- Оливер, - сказала она, - я совершенно запуталась. Можешь ты мне рассказать все с самого начала?
- Прости, Гарриет, я сам совершенно запутался. Давай вернемся на год назад. У нас с Крессидой начался роман. Она мне очень нравилась, и я ей, кажется, тоже. Она была такая хорошенькая, веселая…
- Да, да, - перебила его Гарриет, - не надо мне ее описывать. Давай ближе к делу.
- Хорошо. У нас с Крессидой был роман. Если ты помнишь, она гостила у нас несколько недель в Бар-Харбор в августе прошлого года. Мы очень весело проводили время, много плавали. У нас не было тогда ничего серьезного. Так мы думали. Во всяком случае, я не давал ей никаких обещаний. Ей тогда было двадцать шесть лет, и она уже не была… как бы тебе сказать…
- …девственницей, - подсказала Гарриет. Она знала, как серьезно Оливер относится к жизни, и не представляла его в роли соблазнителя.
- Да, - согласился он. - В октябре она написала мне, что у нее есть несколько дней отпуска, и она бы хотела провести их со мной. Я согласился. Тогда я уже был не один, но согласился. Ты понимаешь меня?
- Да, Оливер, я тебя понимаю. - Гарриет с нежностью дотронулась до его руки.
- Я встретил ее в аэропорту «Кеннеди», и мне показалось, что она немного напряжена, но не более того. В тот вечер мы пошли в ресторан. С нами были мои родители. Тогда мы очень весело провели время. Вернувшись домой, мы еще немного посидели, потом предки ушли спать. И тут Крессида мне объявила, что она беременна, что ребенок от меня и мы должны как можно скорее обручиться. Гарриет, клянусь, она никогда раньше ни словом, ни намеком не обмолвилась об этом, и я ничего не мог понять. Я совсем не любил ее и не хотел жениться. Я сказал ей об этом. Она разрыдалась и выбежала из комнаты. Когда она немного успокоилась и вернулась обратно, то сказала мне, что ее тошнило, что ее постоянно тошнит и она ужасно себя чувствует. Мне было так плохо, Гарриет, так стыдно. Мы долго разговаривали, и я старался ее заверить, что не брошу ее одну с ребенком, что буду заботиться о нем, но жениться на ней не могу. Она спросила меня, не хочу ли я, чтобы она сделала аборт. Я ответил, что такой вариант не исключен, и тогда она стала снова рыдать и говорить, что я хочу уничтожить нашего ребенка. Затем ей опять стало плохо, и она убежала, а когда вернулась, все повторилось сначала. Гарриет, ты не представляешь, как ужасно я себя тогда чувствовал. Теперь я хорошо понимаю людей, которые под пытками дают ложные показания.

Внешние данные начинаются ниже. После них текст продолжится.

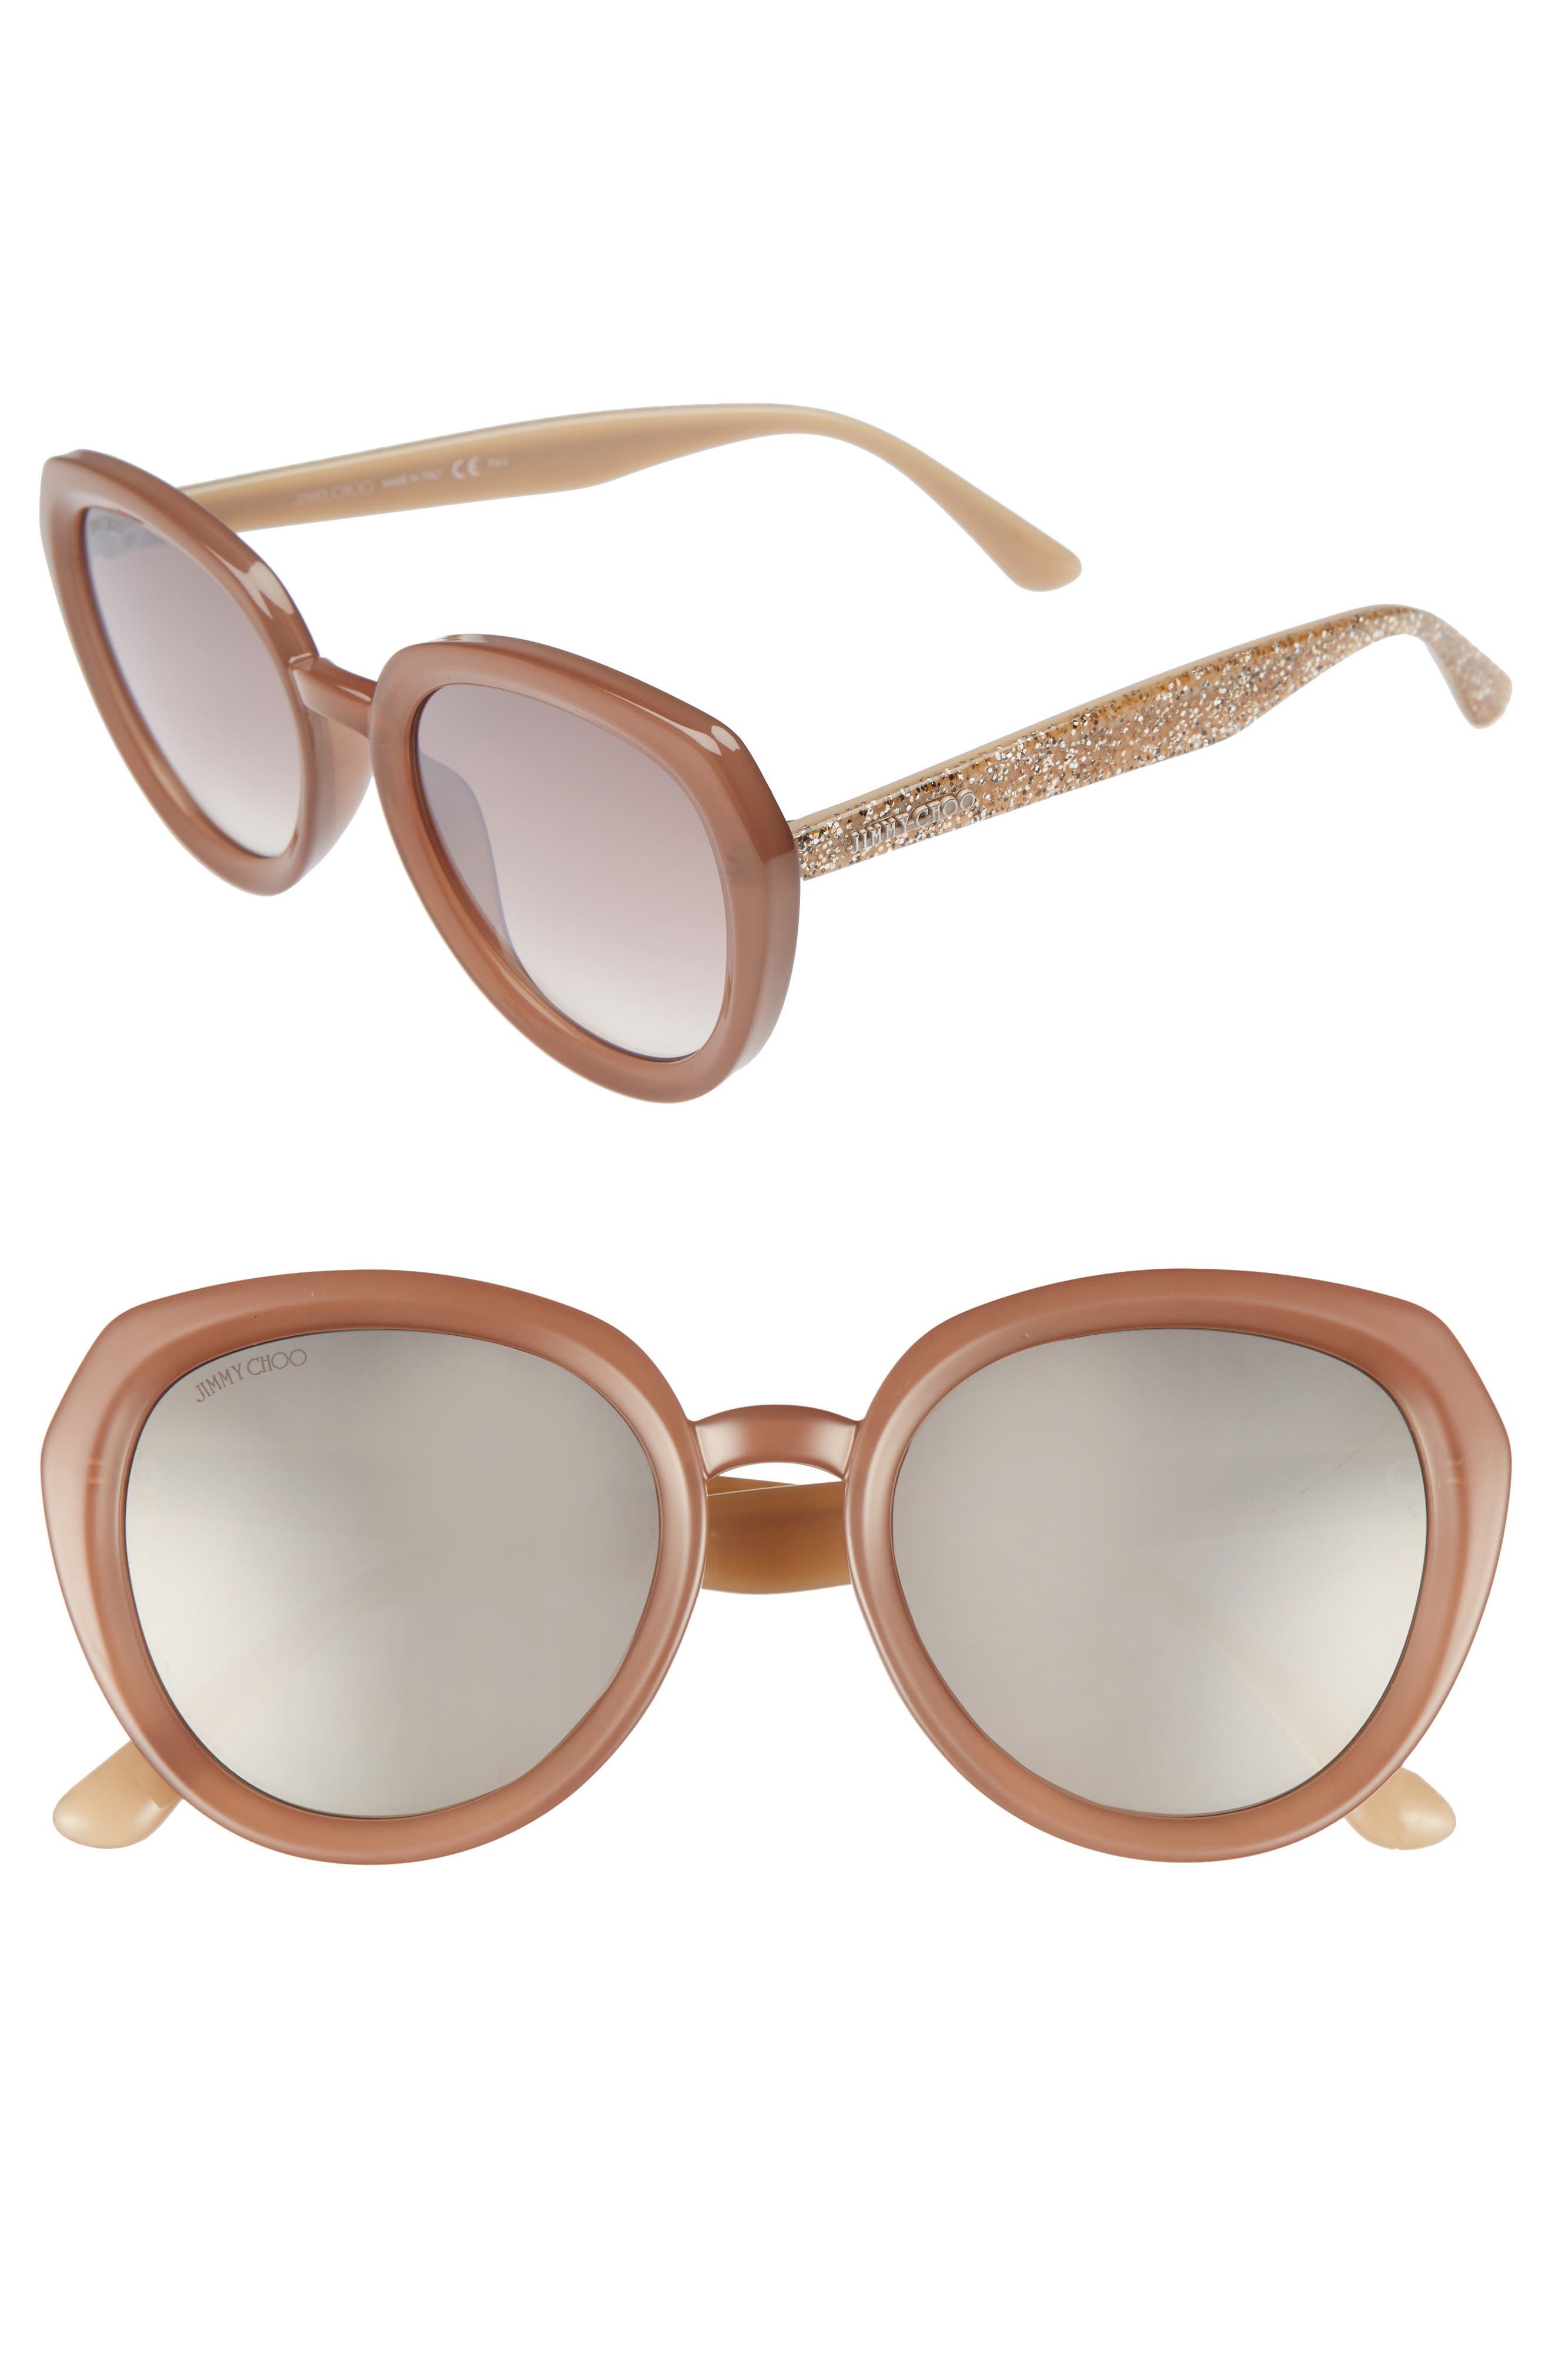 Alternate Image 1 Selected - Jimmy Choo Maces 53mm Oversize Sunglasses

- Олли, Олли, мне так тебя жалко.
- Теперь я понимаю своих родителей, когда они предупреждали меня не вступать в случайные половые связи, - сказал Оливер, горько усмехнувшись. - Такое к хорошему не приводит. Можешь легко себе представить, что было дальше. Я не спал всю ночь, размышлял над тем, какой я подонок, какая Крессида чудесная девушка, какое прекрасное лето мы провели вместе, какая хорошая жена из нее получится, как будут счастливы наши родители, и рано утром я помчался к ней и сказал, что женюсь.
Она побежала к моим родителям и все им рассказала. Они вроде бы были рады, во всяком случае, отец. Мама промолчала, но позвонила твоим родителям и все им рассказала. Остальное ты знаешь. Все понеслось, как снежный ком с горы.
- Но, Олли, я совсем ничего не знаю. Что стало с ребенком?
- Она его потеряла, - ответил он с грустью. - Спустя две недели. Она настаивала на том, чтобы мы ничего не говорили нашим родителям, они не знали о ребенке, и мы решили не откладывать нашу свадьбу.
- А потом она вернулась в Лондон?
- Да.
- Она хорошо все продумала, - сказала Гарриет.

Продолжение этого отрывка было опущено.